» **WORK REQUEST**: Transcribe the listing below verbatim, omitting pictures.

─── THE DATA

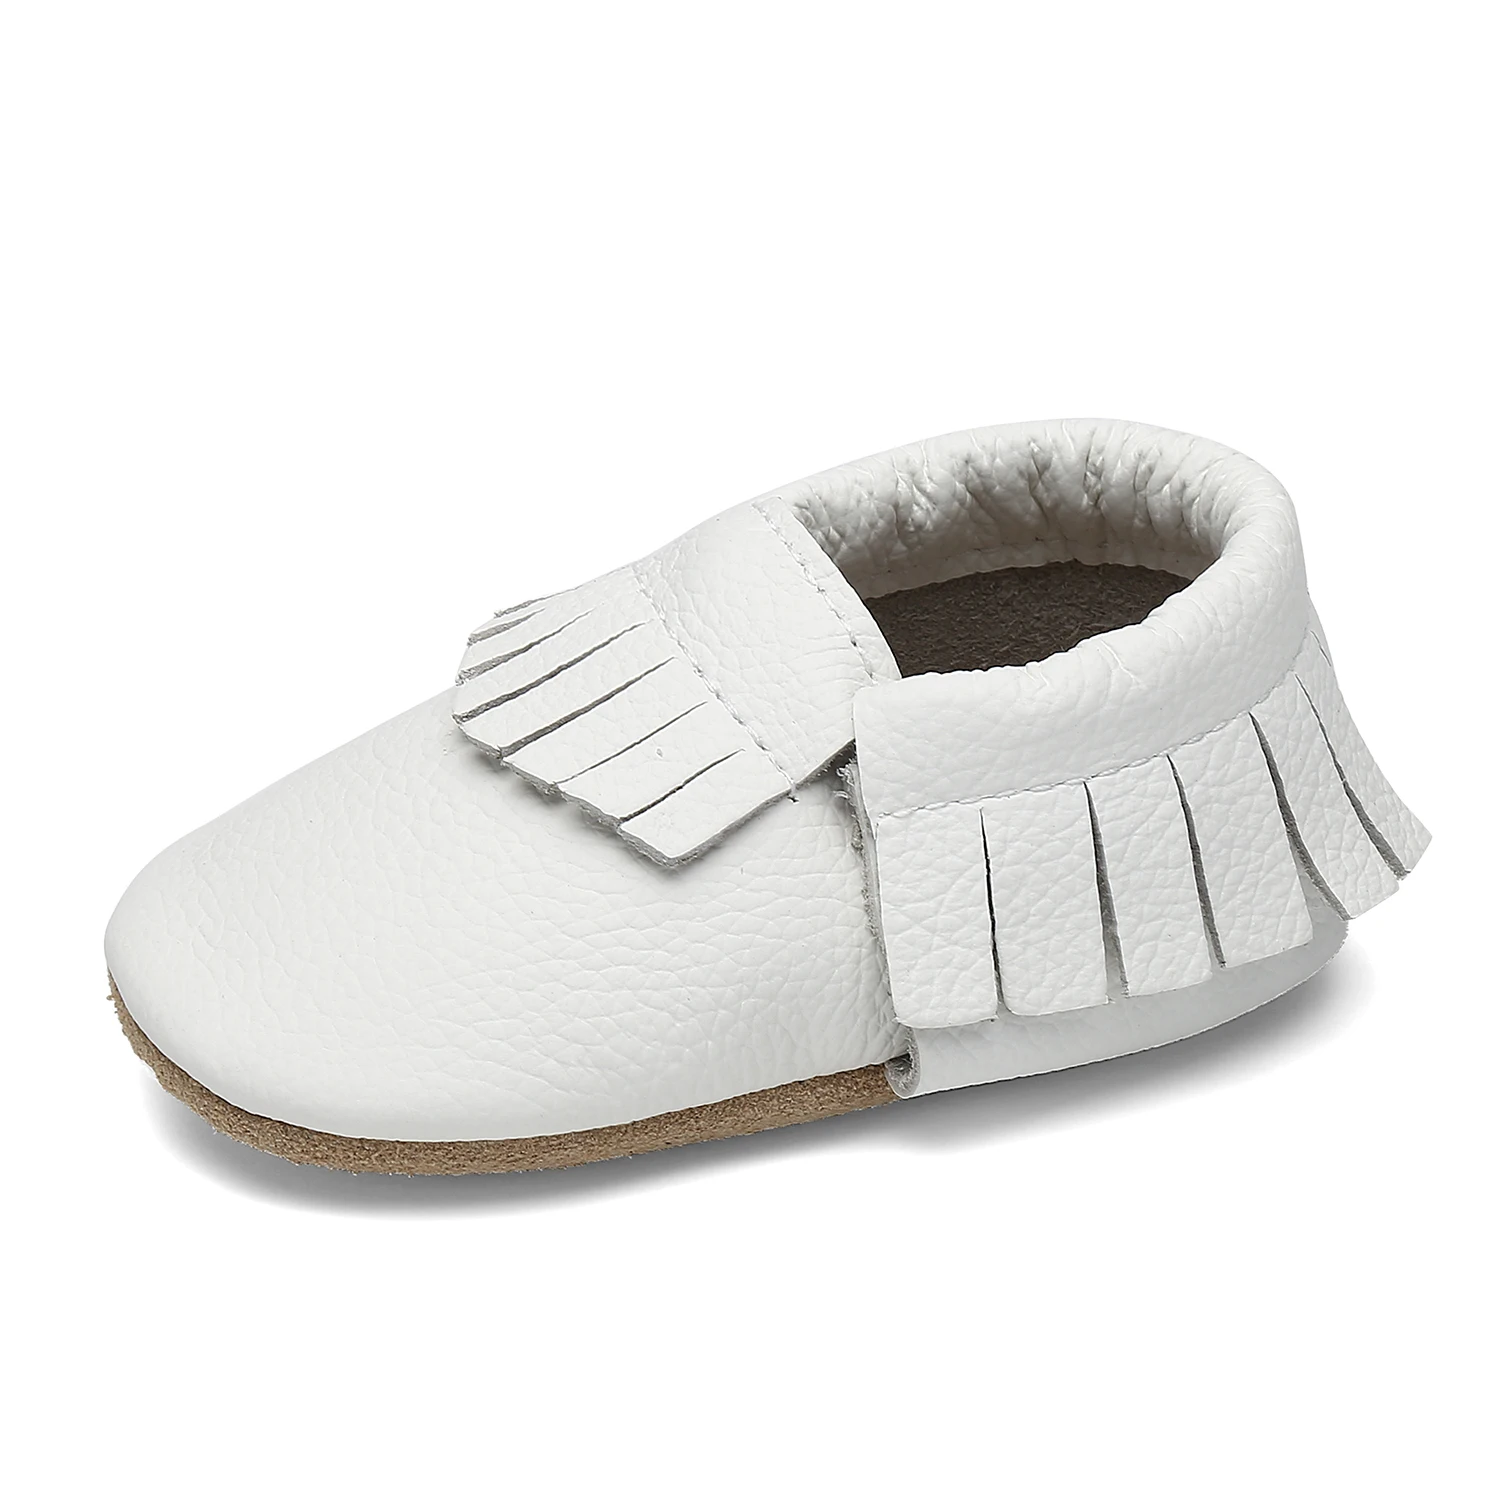 

Soft Sole Genuine Leather Little Girls White Moccasins Baby Casual Toddler Shoes, 7 colors
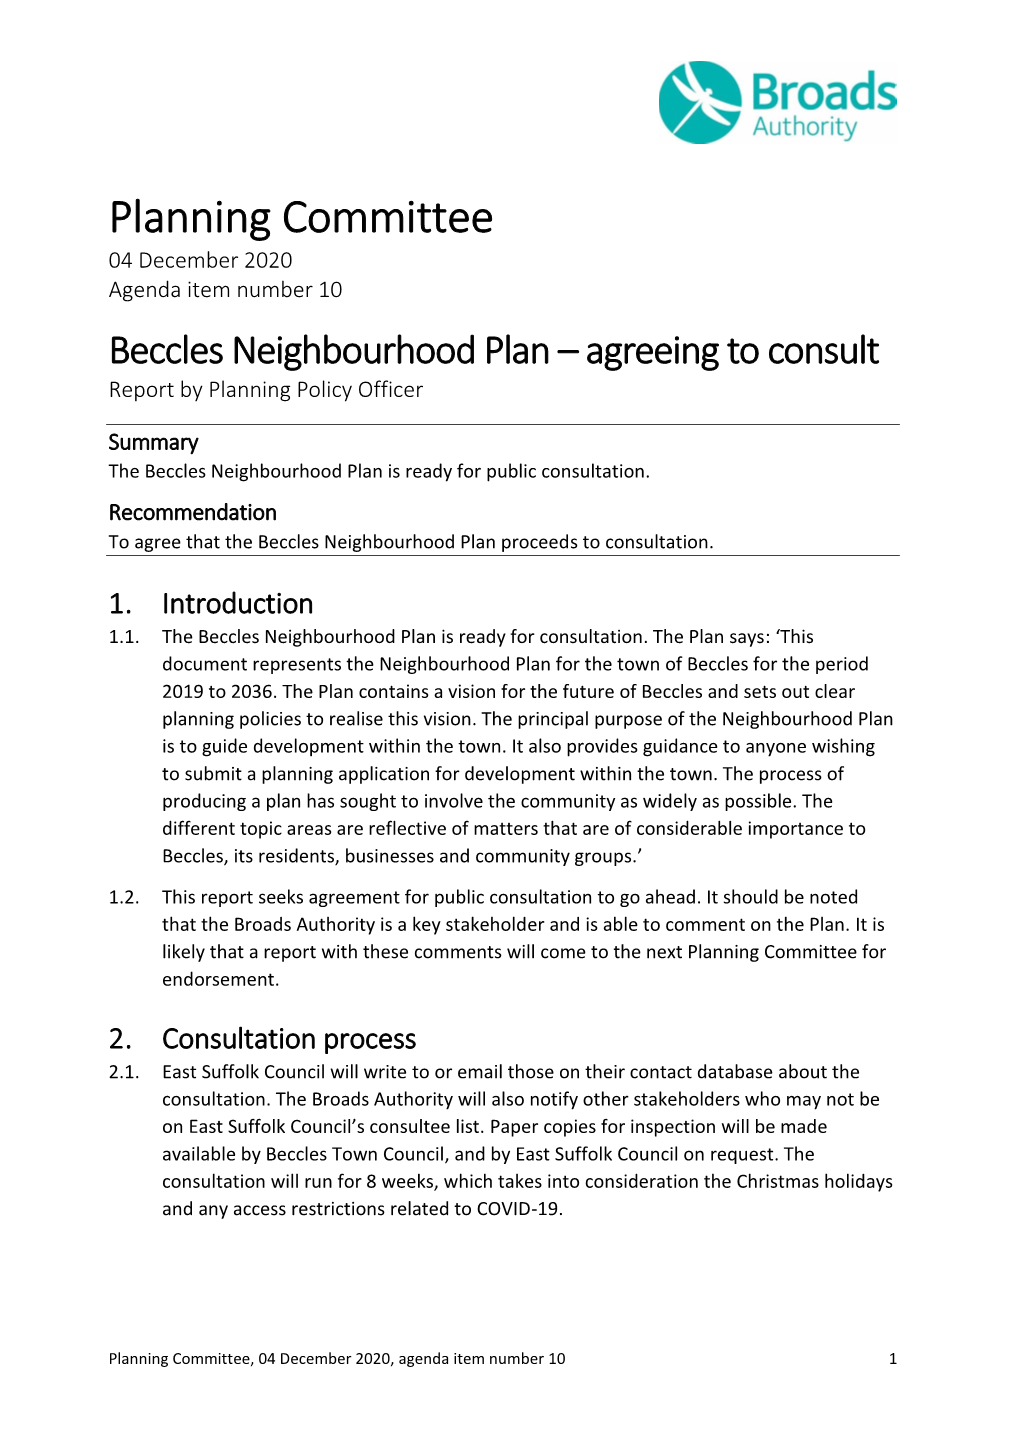 Beccles Neighbourhood Plan – Agreeing to Consult Report by Planning Policy Officer
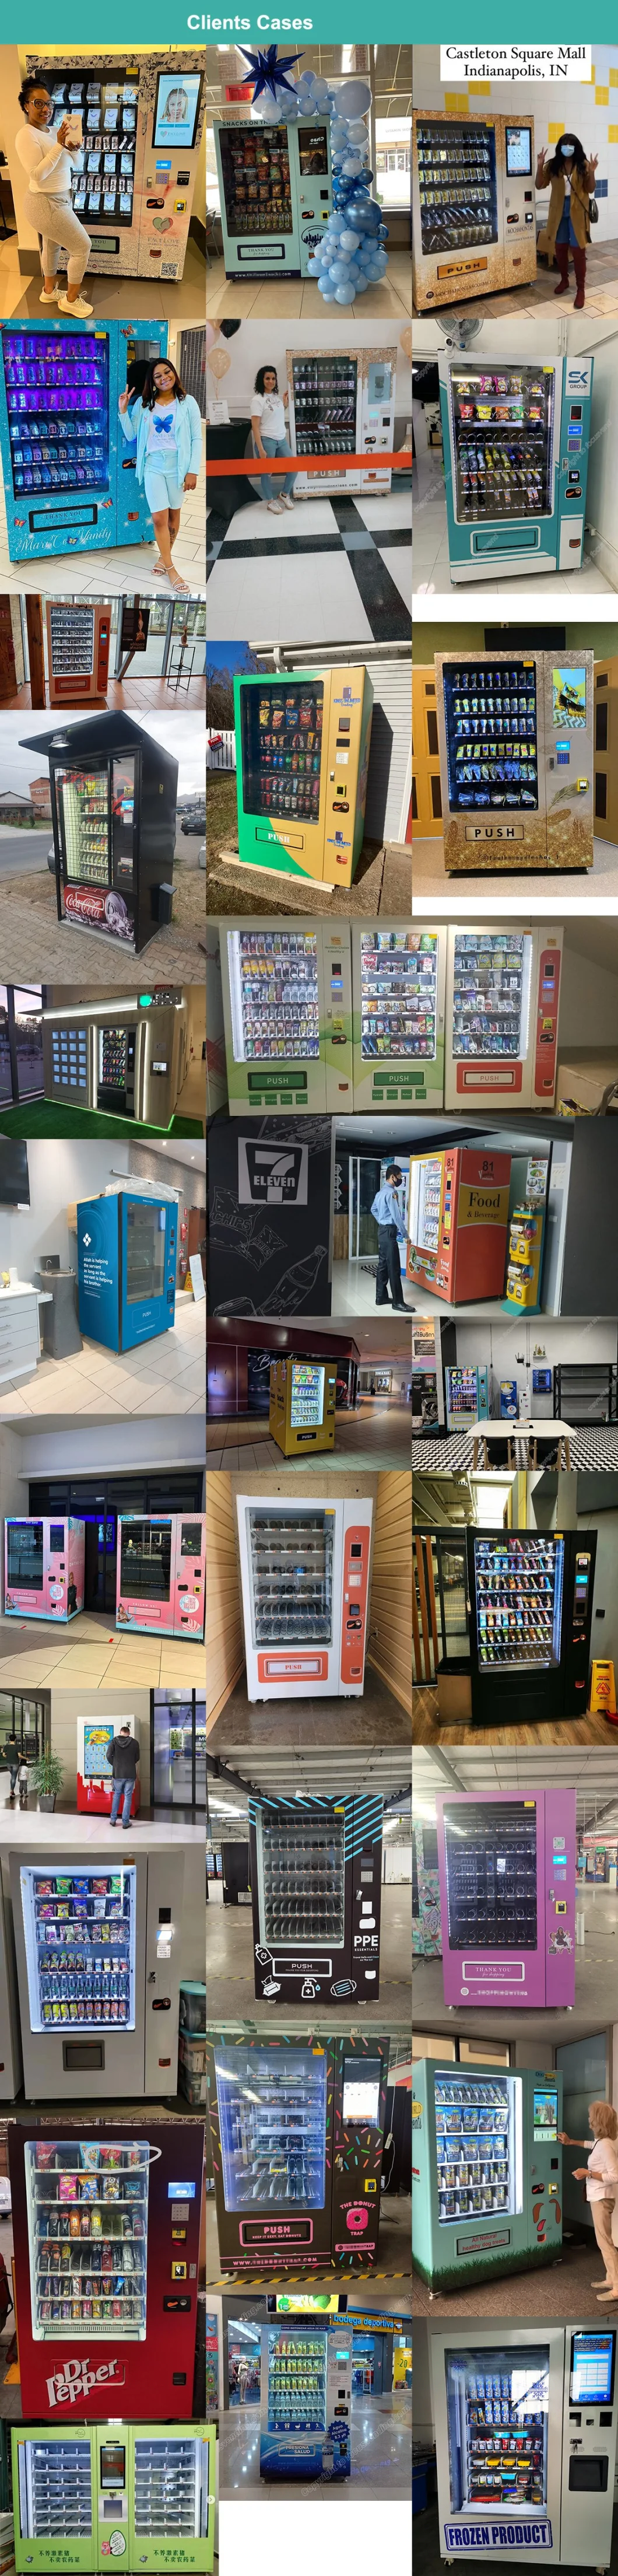 Customized Beauty Vending Machine for Makeup Nail Art Nails with Customized Wrap
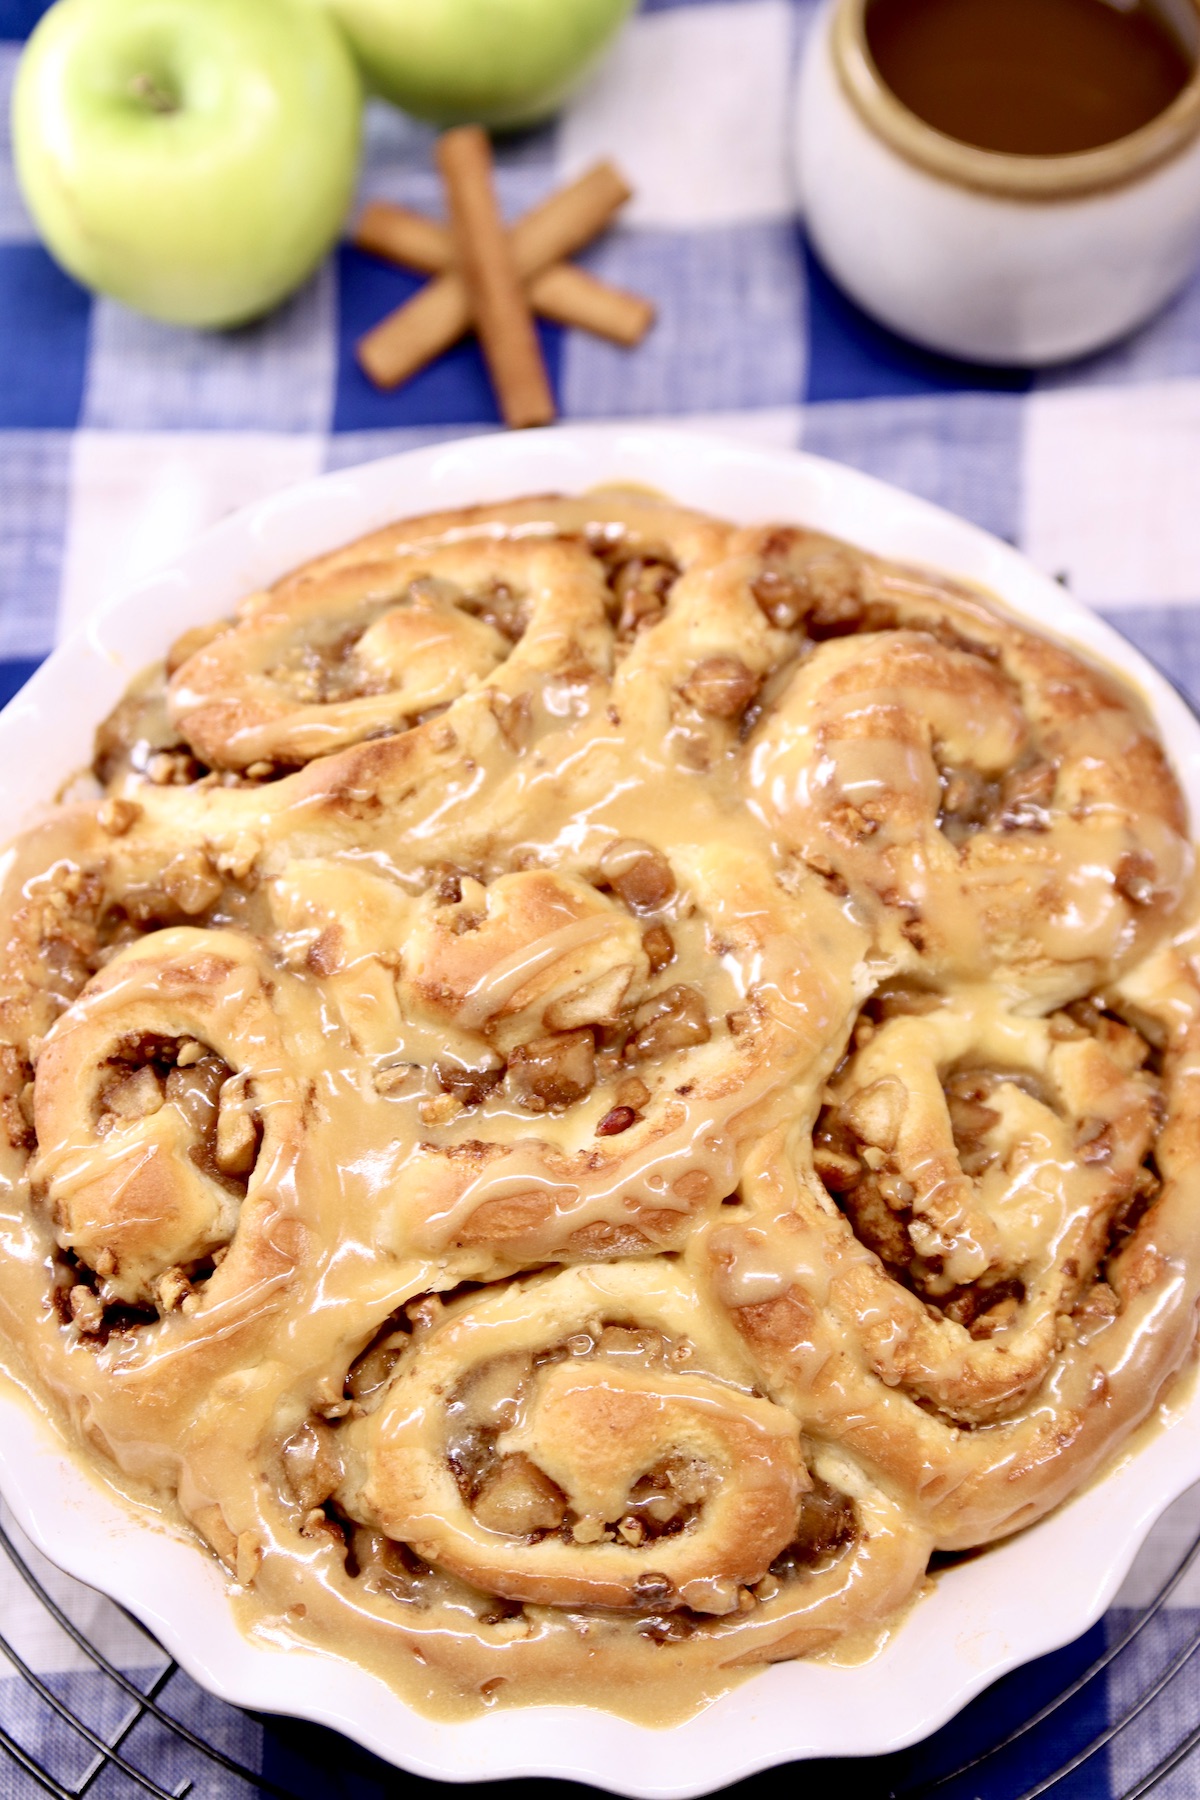 cinnamon rolls in a pie plate, apples, cinnamon sticks and cup of coffee in background

──────

» **RESPONSE BELOW**:
Soft Sole Genuine Leather Little Girls White Moccasins Baby Casual Toddler Shoes, 7 colors
 Beccles Neighbourhood Plan – Agreeing to Consult Report by Planning Policy Officer
 Customized Beauty Vending Machine for Makeup Nail Art Nails with Customized Wrap
 cinnamon rolls in a pie plate, apples, cinnamon sticks and cup of coffee in background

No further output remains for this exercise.